On 8/01/2014 10:34 PM, Peter Levart wrote:
> On 01/08/2014 07:30 AM, David Holmes wrote:
>> On 8/01/2014 4:19 PM, David Holmes wrote:
>>> On 8/01/2014 7:33 AM, srikalyan chandrashekar wrote:
>>>> Hi David, TraceExceptions with fastdebug build produced some nice trace
>>>> <http://cr.openjdk.java.net/%7Esrikchan/OOME_exception_trace.log> . The
>>>> native method wait(long) is where the OOME if being thrown, the deepest
>>>> call is in
>>>>
>>>> src/share/vm/gc_interface/collectedHeap.inline.hpp, line 157
>>>
>>> Yes but it is the caller that is of interest:
>>>
>>> Exception <a 'java/lang/OutOfMemoryError'> (0x00000000d6a01840)
>>> thrown
>>> [/HUDSON/workspace/8-2-build-linux-amd64/jdk8/1317/hotspot/src/share/vm/runtime/objectMonitor.cpp,
>>>
>>> line 1649]
>>> for thread 0x00007f78c40d2800
>>> Exception <a 'java/lang/OutOfMemoryError'> (0x00000000d6a01840)

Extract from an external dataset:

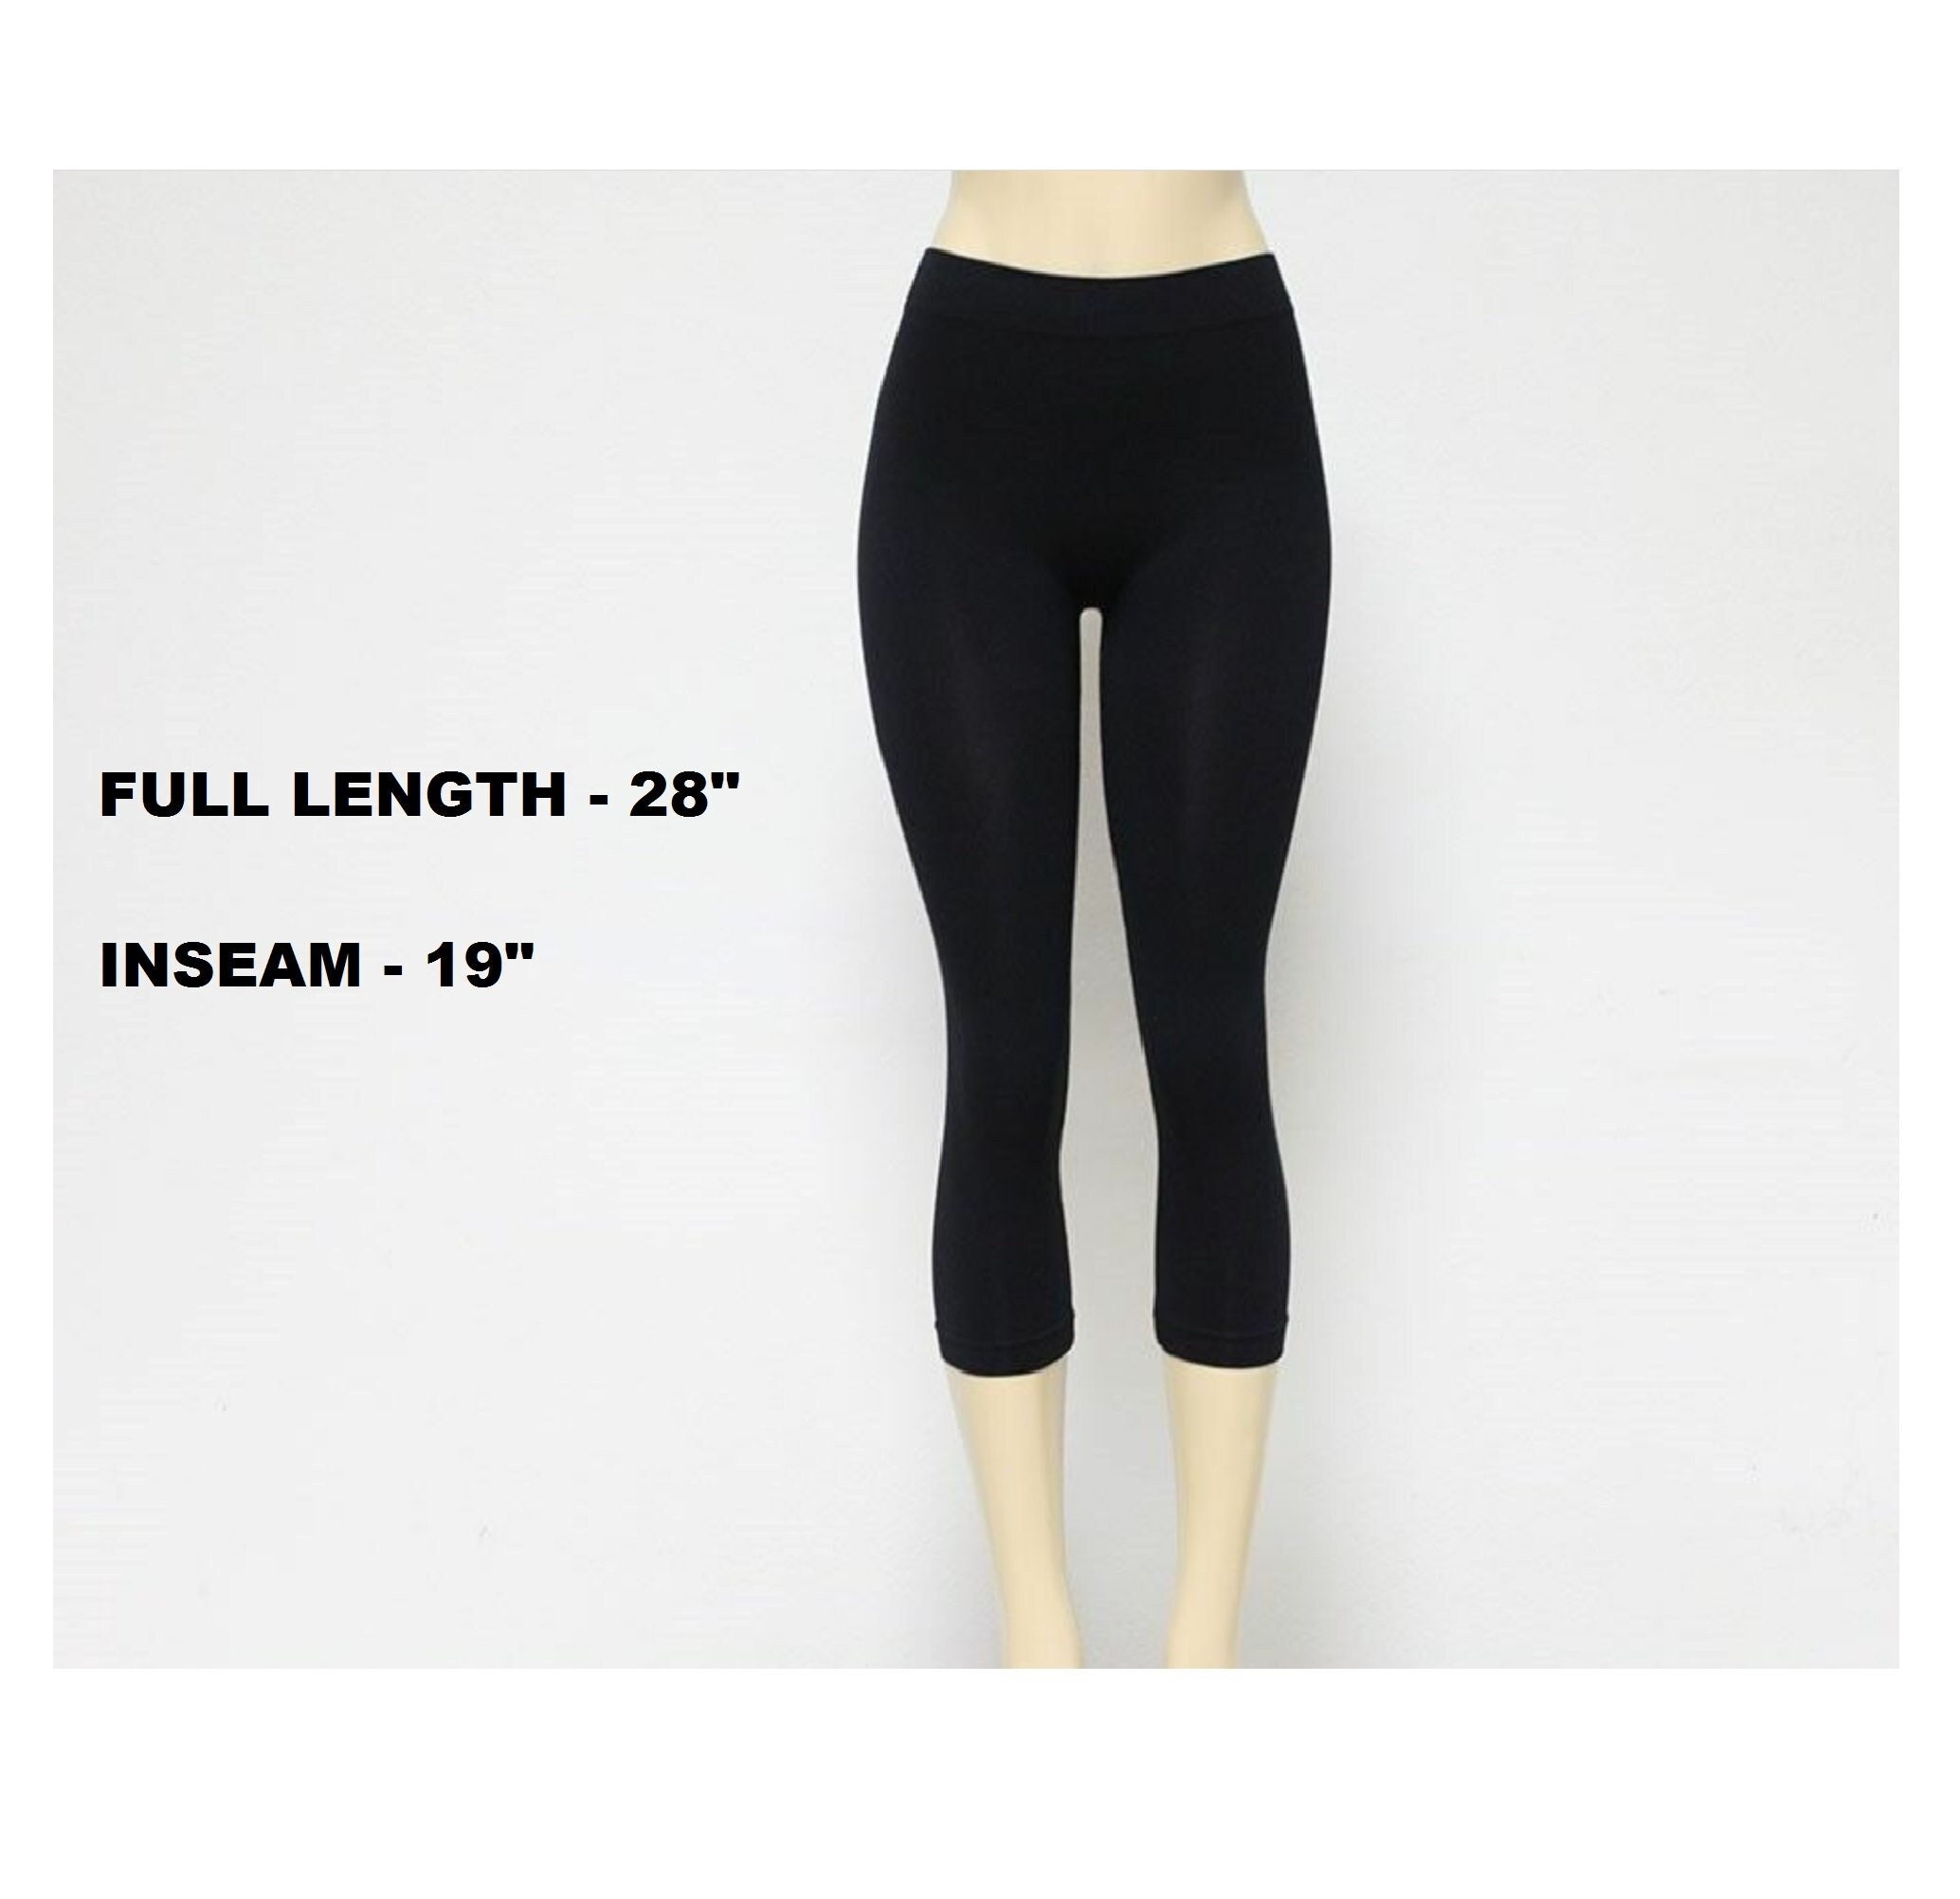 Premium Lycra/nylon Leggings Women's High Waist Soft Yoga Pants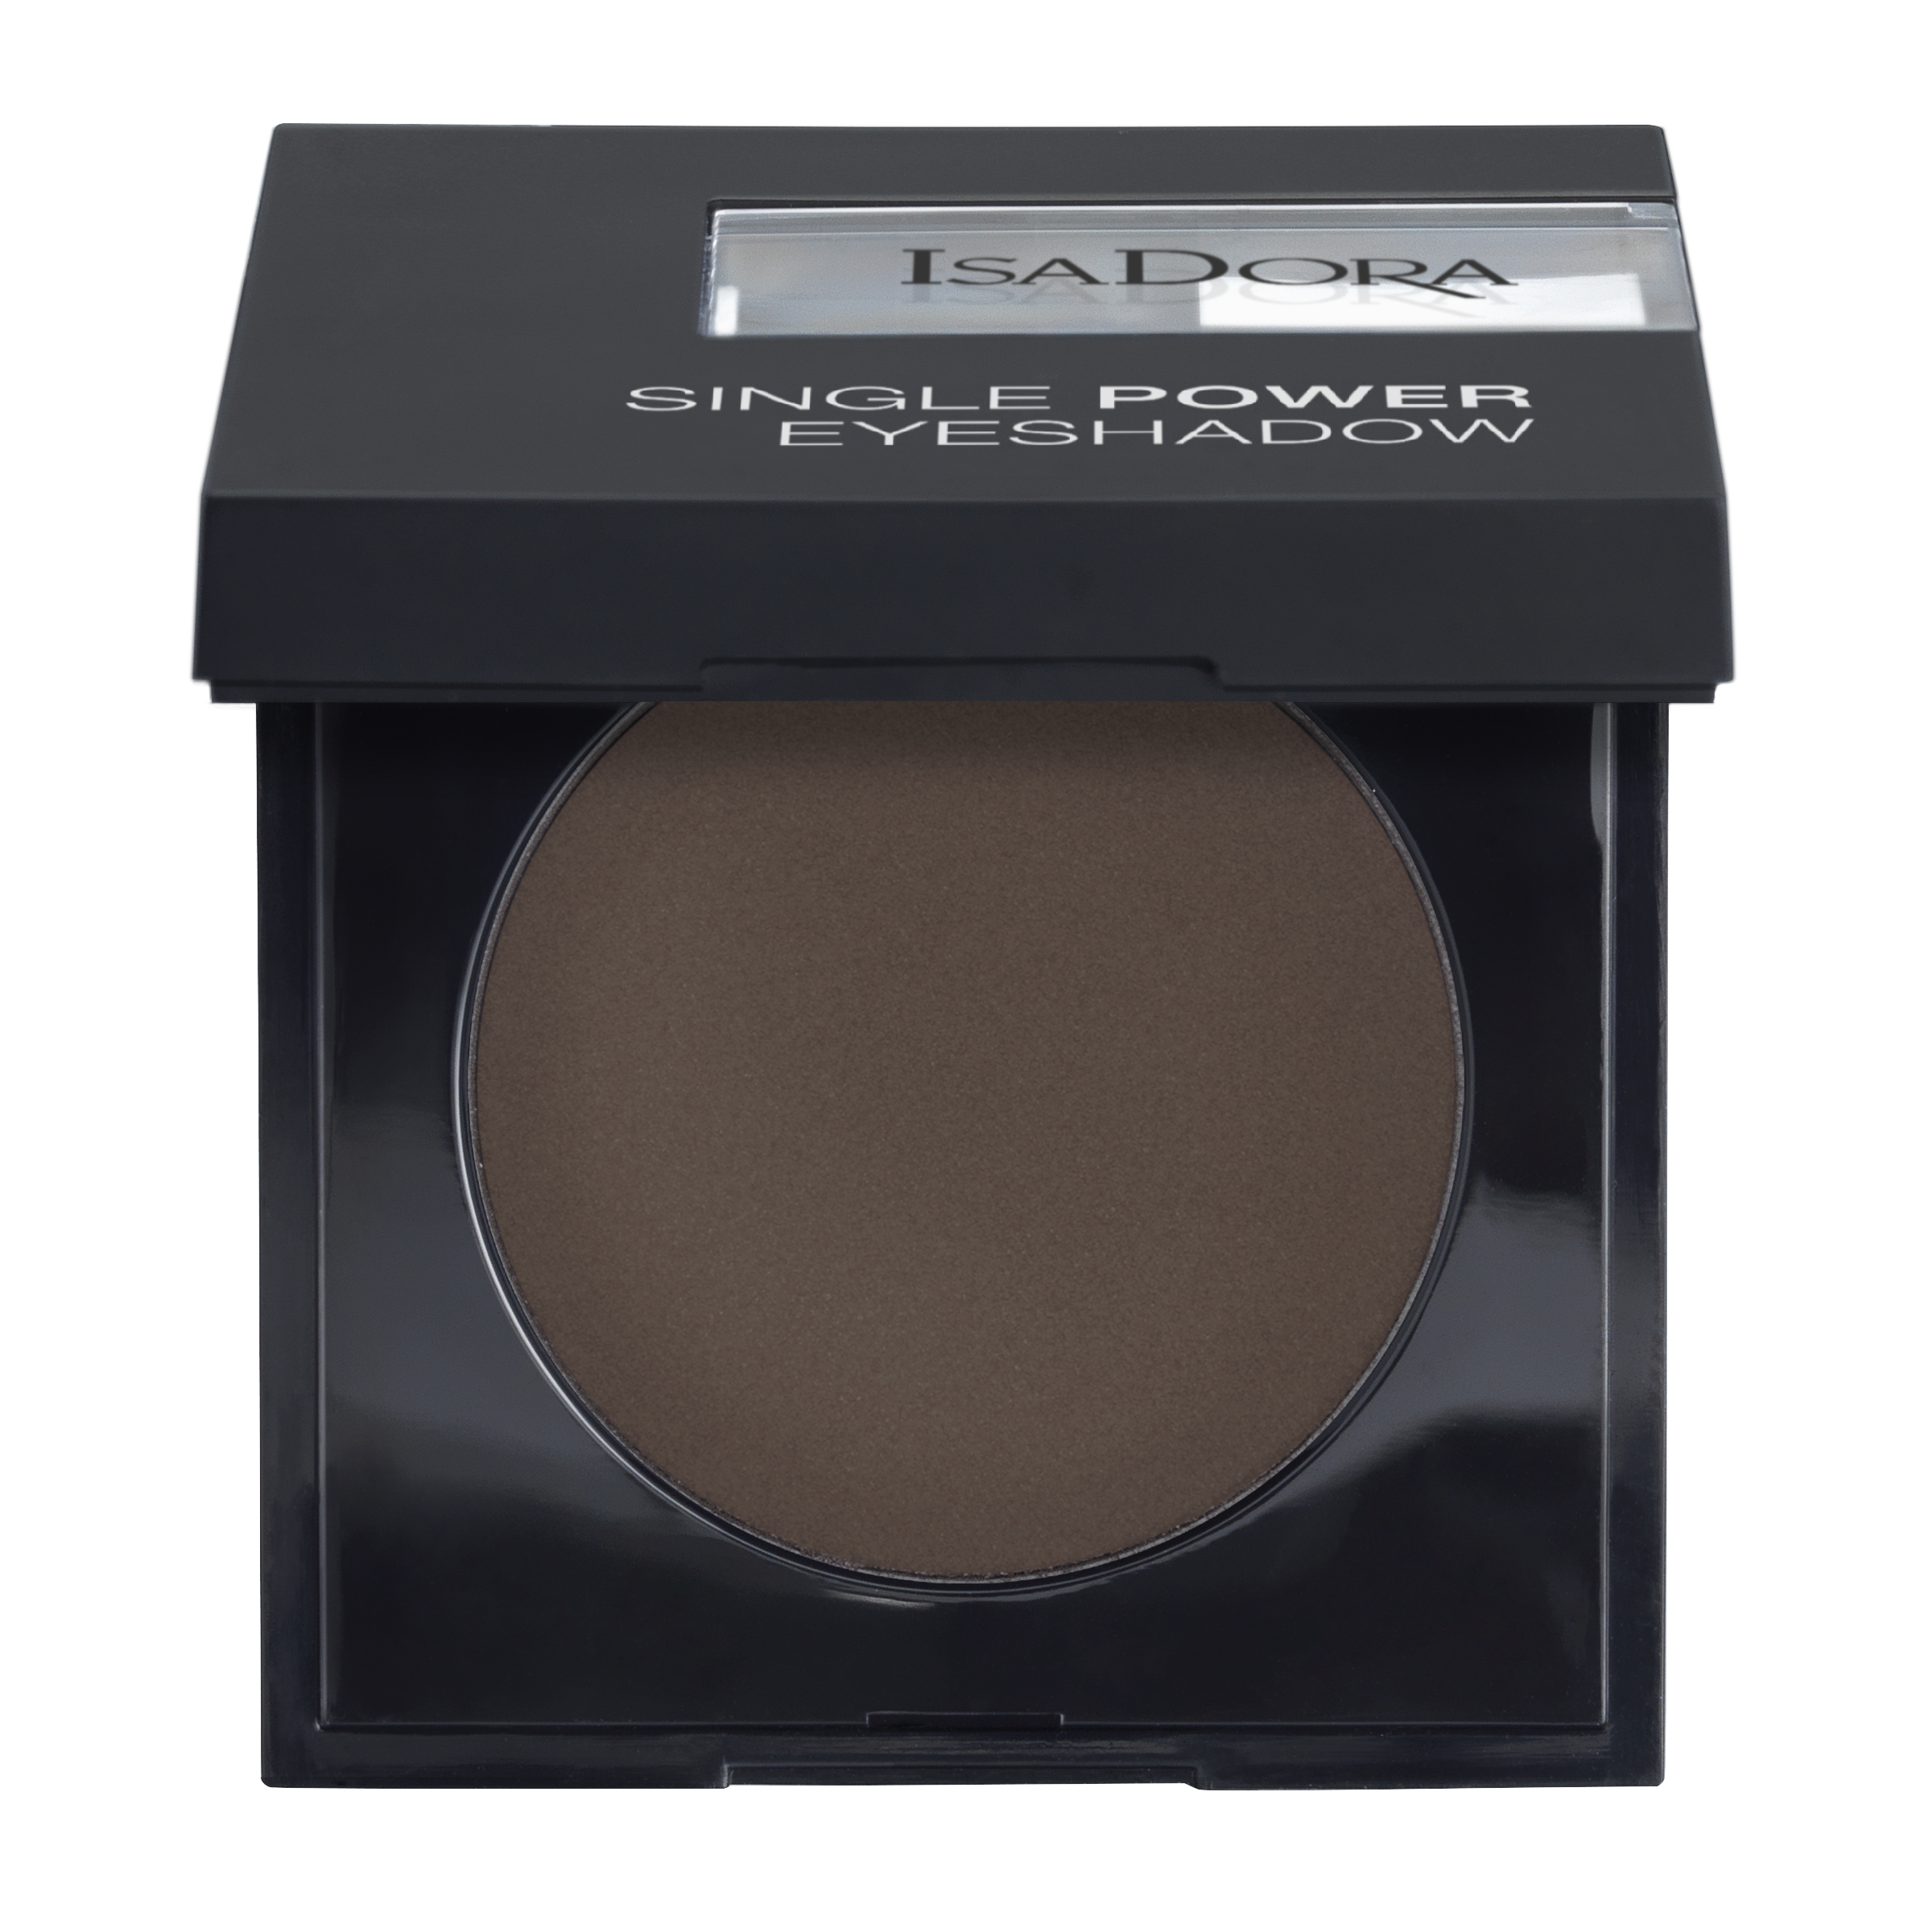 IsaDora Single Power Eyeshadow 17 Espresso Brown 2,2 g

>>>   thrown in interpreter method <{method} {0x00007f78b4800ae0} 'wait'
>>> '(J)V' in 'java/lang/Object'>
>>>   at bci 0 for thread 0x00007f78c40d2800
>>>
>>> The ReferenceHandler thread gets the OOME trying to allocate the
>>> InterruptedException.
>>
>> However we already have a catch block around the wait() so how is this
>> OOME getting through? A bug in exception handling in the interpreter ??
>>
>
> Might be. And it may have something to do with the fact that the
> Thread.run() method is the 1st call frame on the thread's stack (seems
> like corner case). The last few meaningful TraceExceptions records are:
>
>
> Exception <a 'java/lang/OutOfMemoryError'> (0x00000000d6a01840)
> thrown
> [/HUDSON/workspace/8-2-build-linux-amd64/jdk8/1317/hotspot/src/share/vm/gc_interface/collectedHeap.inline.hpp,
> line 157]
> for thread 0x00007f78c40d2800
> Exception <a 'java/lang/OutOfMemoryError'> (0x00000000d6a01840)
> thrown
> [/HUDSON/workspace/8-2-build-linux-amd64/jdk8/1317/hotspot/src/share/vm/runtime/objectMonitor.cpp,
> line 1649]
> for thread 0x00007f78c40d2800
> Exception <a 'java/lang/OutOfMemoryError'> (0x00000000d6a01840)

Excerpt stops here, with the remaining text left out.